Patricia Kessler Poppe - President, CEO & Director
Correct.
Gregory Harmon Gordon - Senior MD and Head of Power & Utilities Research
So on the margin, all your investment in power generation will be renewables?
And as I also recall, I think I asked you this on the last quarterly call, battery storage is not a significant portion of that because you have such a big position in Ludington?
Patricia Kessler Poppe - President, CEO & Director
Yes.
A couple of things.
In the future plan, we will obviously be maintaining our current fossil plants.
So we'll still have gas plants -- our 2 gas plants will still be on the system up through 2040.
They'll have ongoing capital maintenance plans.
Campbell 3 will be in operation until 2039, and that has obvious ongoing capital plan.
So there is capital associated with fossil, just no new fossil generation plants as we described.
The other point on battery storage, Greg, I think it's really interesting, our first IRP that we filed had 450 megawatts of storage in the latter part of the plan but as we're preparing to file again, as we'll refile our IRP every 3 to 5 years.
We're filing again here in 2021.
We'll file another IRP, we're seeing that storage prices are dropping enough that we'll probably see more storage in mix in our next IRP, which I think is exciting.
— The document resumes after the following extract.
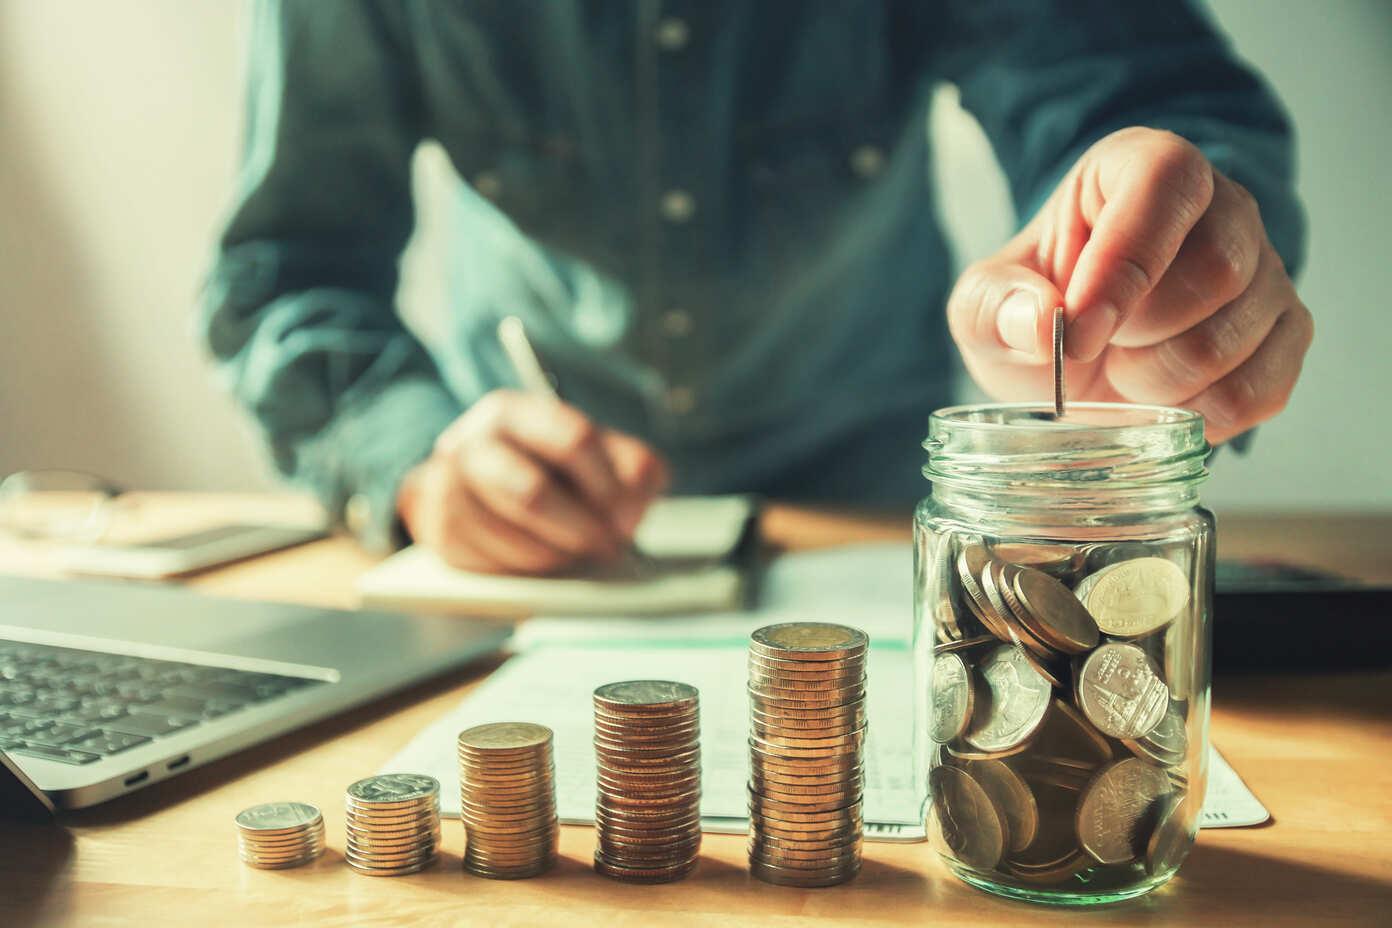 Imagem de um homem depositando uma moeda em um pote com mais moedas, ao lado dele tem mais pilhas de moedas

When you combine the amount of solar and wind that we'll have on our system, it's going to be very beneficial to have cost-effective solar both from -- people talk about storage as a means of a dispatching those renewables.
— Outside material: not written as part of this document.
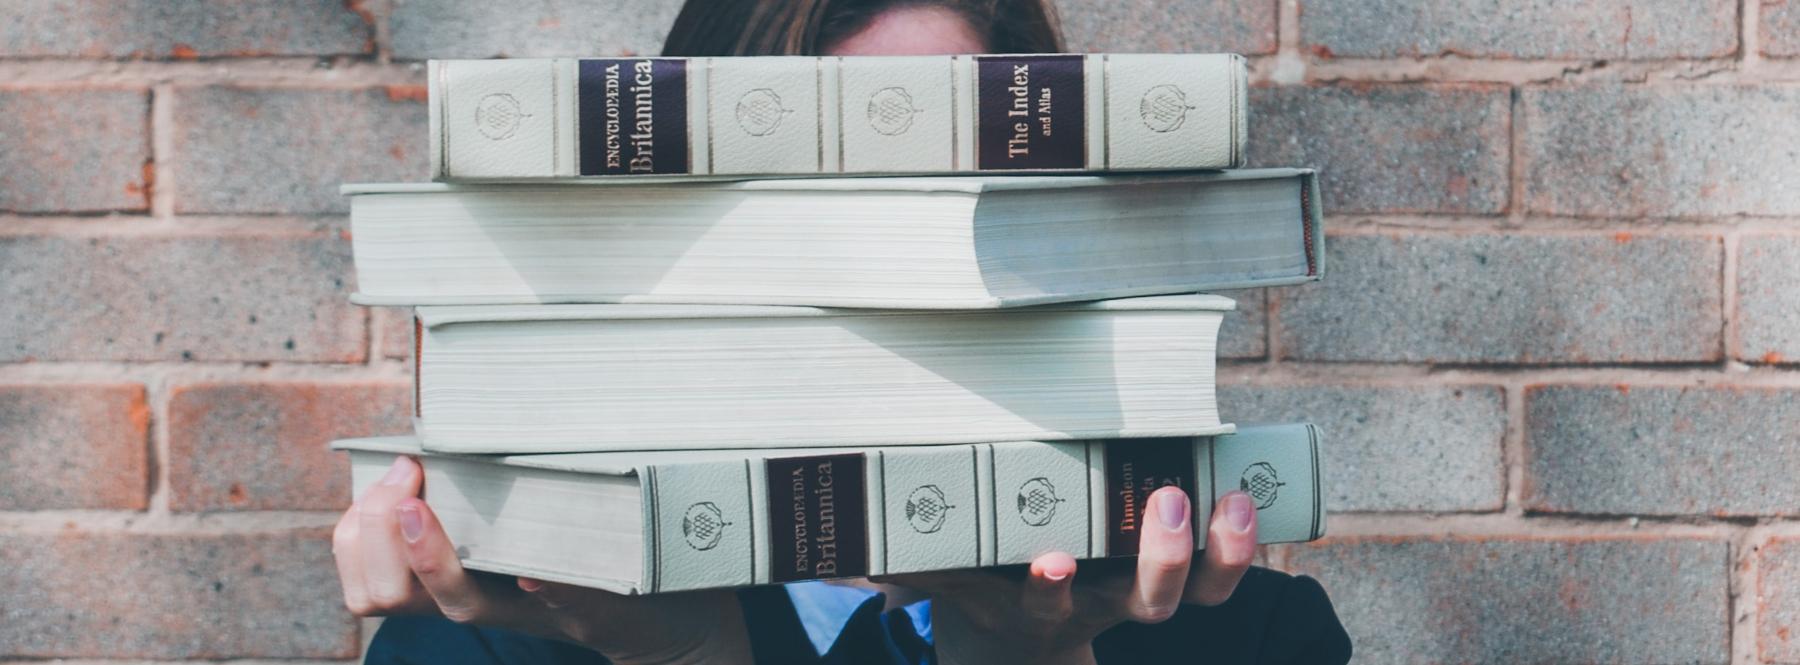 La Institución Libre de Enseñanza y cómo España fue ejemplo de innovación educativa

But think about all those distributed solar panels, they are going to need voltage control, and so we're going to need storage associated with those just specifically for grid stability and reliability, not just for dispatchability.
So I do see that more and more storage will be part of our plan especially as prices drops.
And that's all captured, those additional storage dollars will be captured in electric ops portion of the CapEx plan.
Gregory Harmon Gordon - Senior MD and Head of Power & Utilities Research
Fantastic.
When you look at that the amount of money that you plan on spending in the gas utility, when you think about the migration away from fossil fuels, I mean, are we seeing -- it's sort of -- there's some dissonance a little bit, right?
I mean you're seeing cities like Los Angeles and other cities out in -- California start to move to actually try to eliminate incremental use of natural gas for any type of infrastructure.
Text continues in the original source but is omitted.